This gap between BPC’s pedagogical goals and classroom application (Warnock, et al., 2017), reflects my experiences as a beginning business communication instructor in 2016 and 2017. While research-driven primers on teaching common genres would have been helpful, I also needed more empirical research highlighting BPC’s pedagogical values and showing how to translate those values into my own teaching practices. Although I relied on business communication textbooks like many other novice instructors (Doan, 2019;Wolfe, 2009), I found that textbooks often presented these genres to students as checklists rather than asworkplace genre ecologies, coordinated texts that emphasize the phronesis, or practical wisdom, of a workplace or organization. In my recent work about instructors’ pedagogical goals for the service course, I extend Spinuzzi’s definition of a genre ecology as a set of interdependent genres of communication that work together to translate expertise, allowing a user to accomplish a task within the appropriate context. My definition differs fromSpinuzzi’s (2003)by deemphasizing activity theory to apply this theory as a pedagogical philosophy, “as over-focusing on genre obscures the high-order concerns of the TPC classroom: purposeful content, ethical reasoning, and audience awareness” (Doan, in press, p. 11). This definition goes beyond genre as social action (Miller, 1984) and activity theory (Spinuzzi, 2012) to consider how multiple genres work together and refocuses attention back to writing as a process (Lawrence et al., 2017;Melonçon, 2018), with further attention to each genre’s content (Doan, 2020).
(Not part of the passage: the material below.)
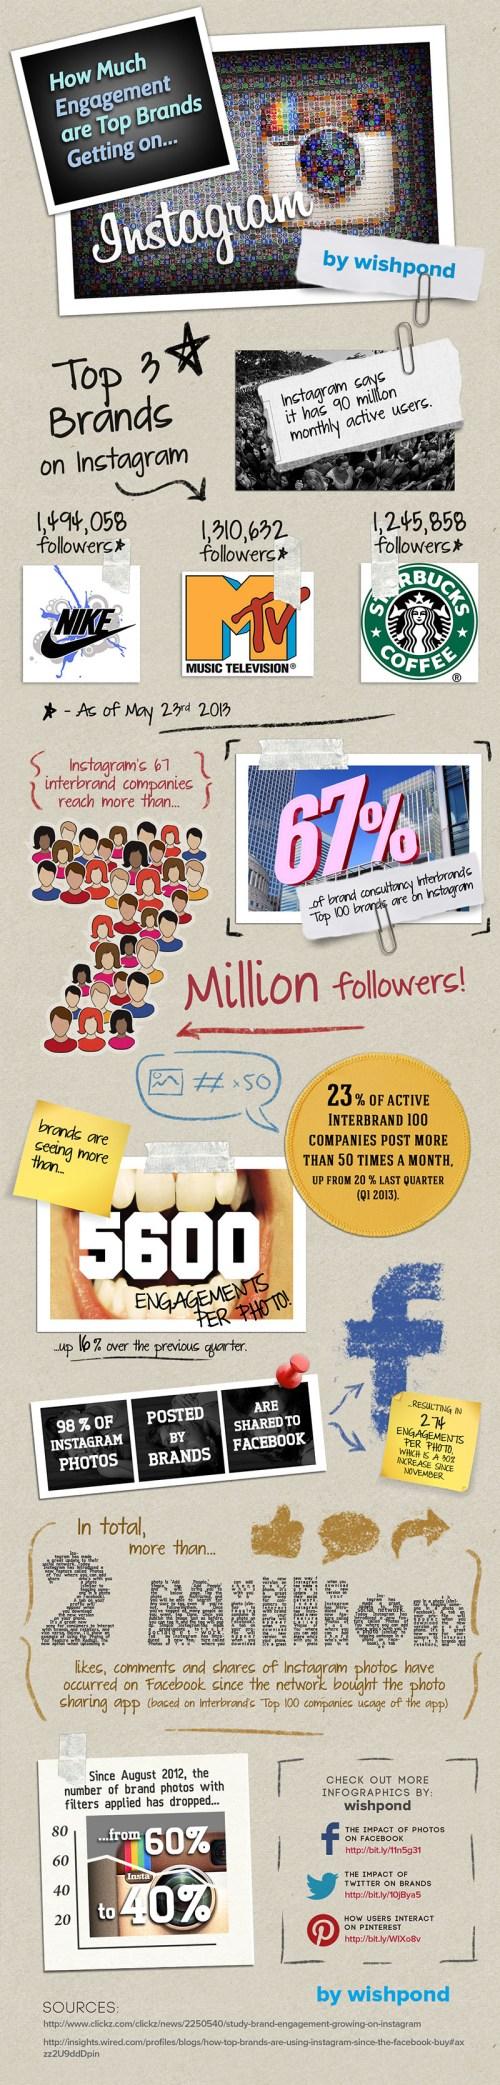 Infographic_TopBrands_InstagramEngagement_1-2

The employment application fits this definition of a workplace genre ecology: to create a compelling application, instructors wanted students to select a specific job advertisement and write employment documents in response (Randazzo, 2020). Next, students tailor their résumés, translating, arranging, and curating their experiences and accomplishments for audiences whom they have not met—or for automated ATS. The cover letter links students’ résumés with job advertisements, adding depth and personality to the list of accomplishments and arguing that the student has something to offer the company. Depending on their learning objectives, instructors may supplement the standard genre ecology of the employment application with an investigative report, a personal reflection about career and writing choices, or a LinkedIn profile. When I was a novice instructor, research like this study would have helped me better teach genre ecologies: teaching how employment genres function as coordinating texts with interdependent meanings, rather than form-based checklists. This article shows how teaching workplace genre ecologies can enact BPC’s pedagogical values in the service course.
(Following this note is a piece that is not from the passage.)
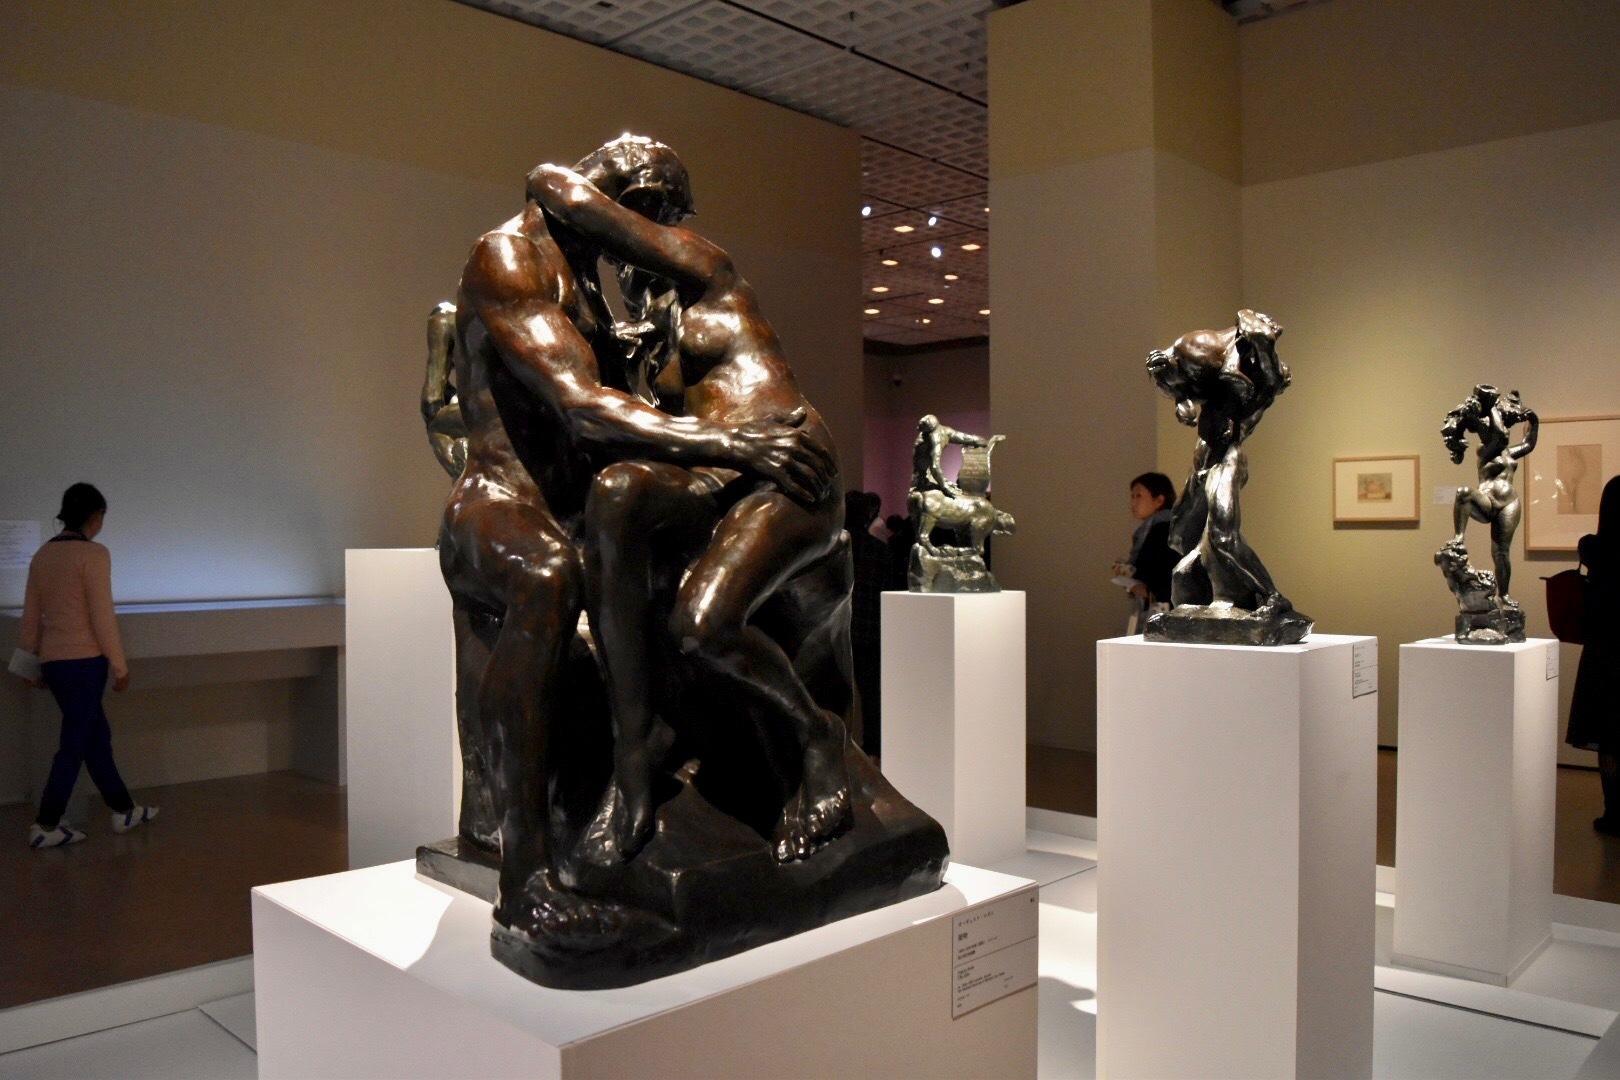 中央:オーギュスト・ロダン 《接吻》 1882-1887年頃(原型) 国立西洋美術館蔵

In this article, I present results and conclusions from a study of how 20 instructors from 19 universities across the United States taught the résumé and cover letter assignment. I conducted a demographic survey, interviewed instructors about their pedagogical goals, assignment framings, and their feedback processes and comments on students’ deidentified résumés and cover letters. I then completed critical discourse analysis (CDA) of instructors’ assignment sheets for teaching résumés and cover letters. Analyzing these artifacts showed how and why instructors were teaching students to find and read job advertisements, translate their experiences for employers through cover letters, design compelling résumés, and compile professional research or personal reflections. The results illuminate how the employment application assignment teaches central goals and values of BPC, examines connections between the genres within this assignment’s ecology, and shows approaches for engaging students with opportunities for deep learning. I offer the caveat that while 87% of service courses are taught by contingent faculty (Melonçon & England, 2011), 17 of these 20 instructors were employed in tenure-line positions; no data were collected about instructors’ graduate degrees, only about instructors’ pedagogical training. Only 11 of the 20 instructors in this study had taken a graduate-level pedagogy course about teaching BPC. Despite these limitations, this article’s implications show four main values for BPC instructors to enact through their pedagogy: organizing compelling content, using intertextuality to teach workplace genre ecologies, reflecting for metacognition, and legitimizing industry knowledge.
Literature Review
Since my primary aim is to examine pedagogy of the résumé and cover letter, I limit my review of the literature to existing scholarship that focuses on teaching these genres. While these studies have contributed to the field’s understanding of résumés and cover letters, they have been challenging to translate into concrete pedagogical practices because they focus more on these genres than the skills needed to create them effectively (Randazzo, 2016). For résumés and cover letters, BPC textbooks and instructors with less experience tend to show students what to write in their résumés and cover letters, as opposed to how and why to write their résumés and cover letters (Cardon, 2016;Guffey & Loewy, 2018;Rentz & Lentz, 2018). These genre-based rules or advice for résumés should ideally help instructors with little workplace experience teach résumés and cover letters; however, since this research was conducted several decades ago, job-search practices have become digitized (Fillenwarth et al., 2018) and have broader class implications (Randazzo, 2020).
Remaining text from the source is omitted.